A quick search for Porterfetch on Google Play revealed that Porterfetch has indeed expanded its supper delivery service to also include the delivery of essentials.

porterfetch app
Porterfetch’s app description on Google Play

However, it is unlikely that Porterfetch has expanded into a 24-hour operation since their Facebook’s cover image shows that they deliver from 8pm to 3am.

While it’s not round-the-clock, delivery hours might have been adjusted to start from 8pm instead to 9pm (Porterfetch previously said they deliver from 9pm to 3am).

porterfetch singapore
Image Credit: Porterfetch

Porterfetch’s website is currently down and on its Facebook page, the last update posted on June 11 notified users that its app is “currently unavailable for maintenance”.

There has been no updates from Porterfetch since, and fans have been flooding the post with comments saying that the app is still down.

Many also speculated that they have “closed shop” and are probably “gone for good”.

porterfetch singapore
Comments on Porterfetch’s Facebook post

One user also commented that “their app (is) not even showing at any app store”. I tried to re-download the Porterfetch app on Apple App Store, but was greeted with an ‘error’ message instead.

A colleague of mine, who is a big fan of Porterfetch, is saddened by its sudden hiatus and potential exit.

She used to order from Porterfetch every week to satisfy her late-night cravings and it served as a convenient option when other food delivery firms stop delivering after 10pm.

The last time she attempted to use Porterfetch was 2 to 3 months ago, but the app refused to load because it was “updating” and it has been unavailable ever since.

While Porterfetch charges a higher delivery fee (it starts from $5 and goes up depending on the delivery distance), she was willing to fork out more because it offered a variety of food options, which “ranges from convenient stores to hawker stalls”.

Another One Bites The Dust?

Many food delivery firms have been battling it out for a slice of the pie, aggressively pushing out promo codes and discounts, but it’s unfortunate that a few of them have fallen out of the race.

Hong Kong-based food delivery firm Plum has exited the Singapore market in January and its customer and partner base has since been absorbed by WhyQ.

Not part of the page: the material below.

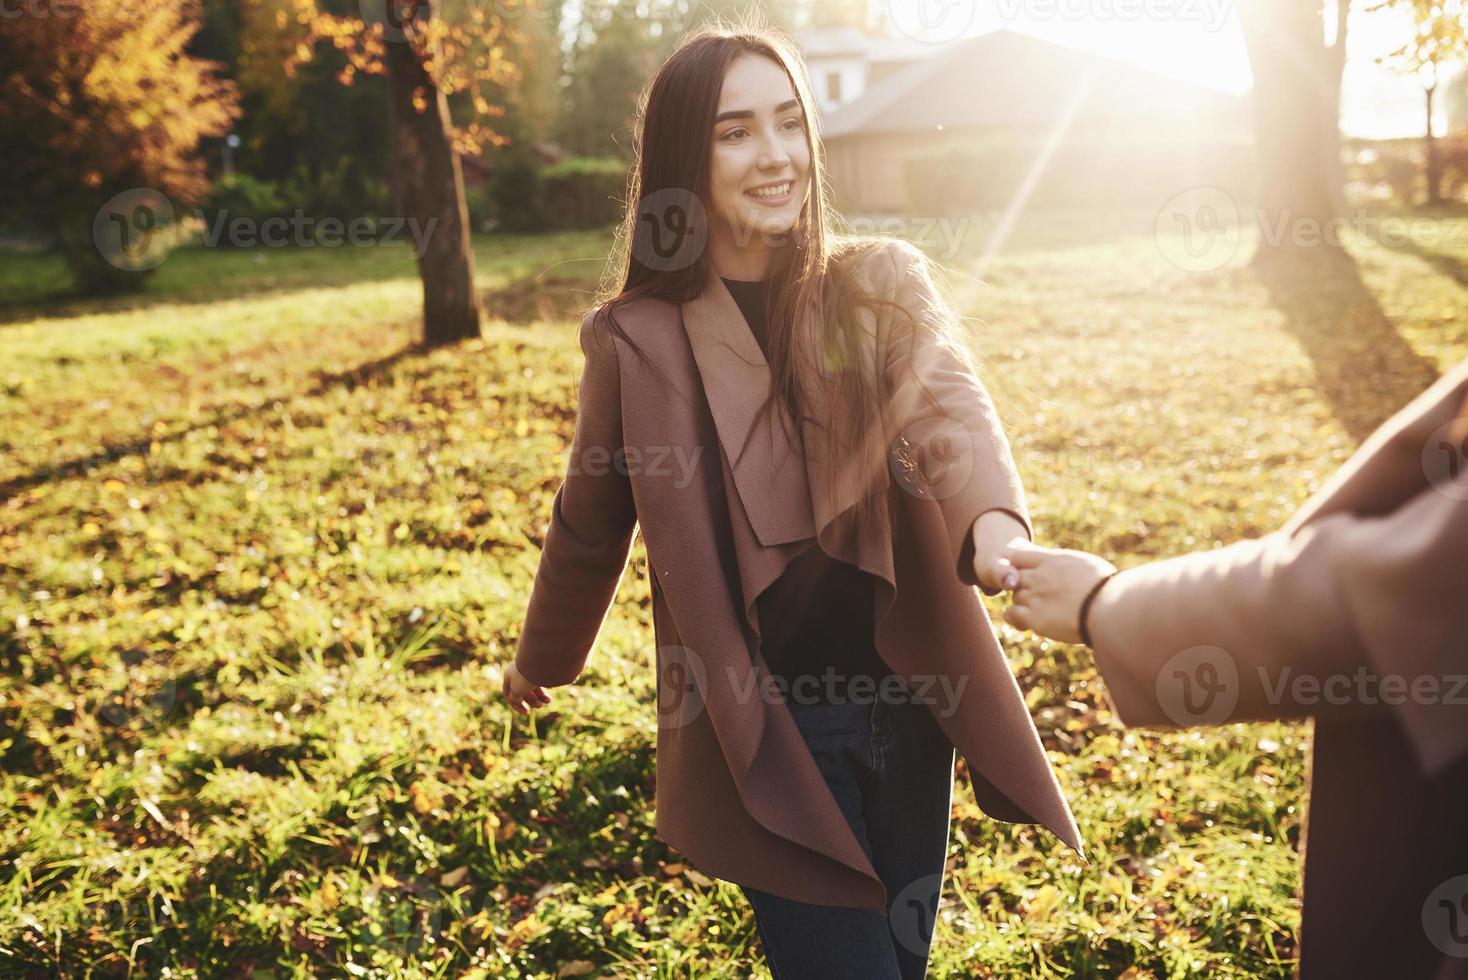 jovem, sorridente e linda menina morena está segurando a mão de alguém enquanto caminha no parque ensolarado de outono em fundo desfocado foto

Meanwhile, homegrown startup honestbee has exited the food delivery market in Singapore in May 2019.

It recently applied for a moratorium, and court documents seen by Vulcan Post cited that it faced stiff competition from rivals like Foodpanda, Deliveroo and GrabFood.

Honestbee added that the food delivery market in Singapore is “heavily saturated”.

“This meant that the only way to be profitable was to be able to provide the services on a very large-scale to enjoy cost savings, but such a scale takes time to build.”

Could this be the same reason for Porterfetch?

porterfetch singapore
Image Credit: Porterfetch

Porterfetch is a niche food delivery service that operates only at night. While this meant lower operating costs for the startup, it is hard for them to sustain the business and eventually grow it into a “24-hour operation”.

They would have to increase their delivery fleet and lower their delivery fees to better rival its competitors and this would mean burning more cash.

Question is, why would you fix things when it’s not broken?

Porterfetch is already doing well. Its late-night food delivery service is a novel business idea as it is the first of its kind in Singapore.

Moreover, it has garnered a loyal user base within its two years of establishment. In its first month alone, Porterfetch has received over 1,000 orders and seen many repeat customers.

If it wants to capture a bigger market share, it has to be willing to spend more on marketing efforts to get its name out.

porterfetch singapore
Image Credit: Porterfetch

Millennials, who are the most savvy generation, will definitely embrace Porterfetch with open arms — they often stay up late, and are willing to spend on food and convenience.

Porterfetch is unfortunately not on the top of consumers’ mind when it comes to food delivery now, but it has a strong differentiating factor from the ‘big three’.

If the firm chooses to play on its strengths, I do believe that a time will come when foodies in Singapore will think of Porterfetch when hunger pangs strike at midnight.